There are links to the newspaper accounts at the bottom of this post. These are the bare outlines. The students I talked to gave their versions of what they “think” happened. More importantly, I have their opinions of the administration’s response. The students have lost faith in the integrity of personnel at the school that they formerly admired. They had a ringside seat to what they perceived as CYA behavior all the way down the line. When I asked them if they were still happy they had chosen William and Mary, there was reluctant assent. “After all, how can you go back on a decision you made a couple of years ago when you thought this was a good place?” said one student. Another is deeply angry but doesn’t want the cost that would be involved in switching schools. Another wants to avoid girls at all costs. He thinks they aren’t trustworthy, based on this incident.

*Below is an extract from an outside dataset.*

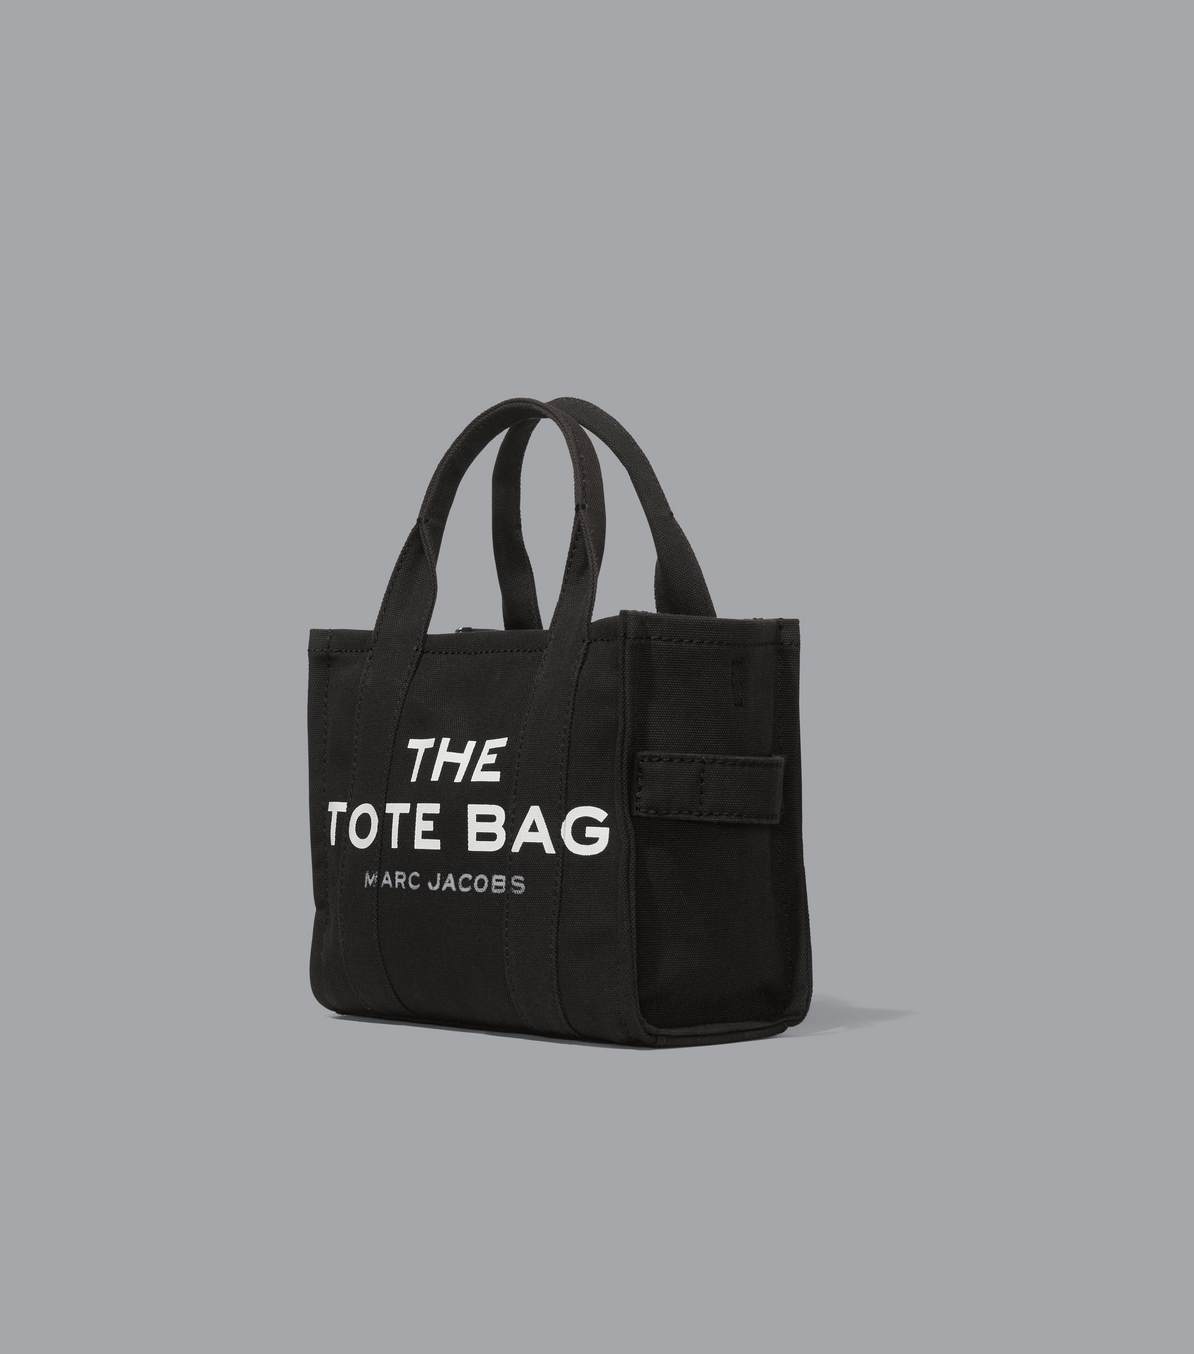 The Mini Tote Bag

Last October 28th, a member of the College’s Board of Visitors hosted a party at his home for a sorority to which his daughter belonged. The drunken behavior of the guests was so out of control – girls were vomiting, glasses were broken, and some sorority members were unable to speak coherently – that after an hour the host shut down the party and sent the students back to the campus by bus. No, they didn’t get falling down drunk in an hour. In the research for this post, I learned a new term: “pre-gaming.” That means having a lot of booze before an event. This is a new term for old alcoholic behavior: one gets drunk before going out. Thus, these students “pre-gamed” the party and arrived having already consumed a large quantity of alcohol.

On October 30th, a senior at the College was charged with rape and arrested. He was accused of having raped one of the girls while they were at the party. He remained in jail until November 2nd, when he was released on $25,000.00 bond. Two months later, on January 4th, the Commonwealth’s Attorney for Charles City County (the legal jurisdiction of the above-mentioned party and the scene of the alleged crime) dropped the charges against the senior for lack of evidence. This man immediately filed a defamation suit for five million dollars against his accuser.

Meanwhile, however, he was tried in absentia at the College’s judicial proceedings, found guilty of sexual misconduct by the school, and forced to leave a semester before his graduation. He will be allowed to apply for re-admission after his accuser graduates in 2007.

What is even more bizarre is that a second student accused of rape by the same girl, though not charged by the Commonwealth’s Attorney with any crime, was also processed by the judicial branch of the College. He was cleared of charges by the College judicial system – but then he didn’t have state criminal proceedings to face so he was not at risk in appearing at the College to defend himself.

It gets crazier still: a third man stepped up to say that he had had a sexual liaison with the accuser after her alleged rape by the accused. This man was neither accused nor had charges brought against him, though the sorority sisters of this woman, the accuser, say she was definitely intoxicated when this particular act of sexual congress transpired. Sexual intercourse with an intoxicated woman is sufficient grounds to file charges of rape in Virginia. However, none were filed by either the college or the Commonwealth based on the man’s story or the sorority sisters’ claims that she was very drunk at the time of this third encounter that evening in October.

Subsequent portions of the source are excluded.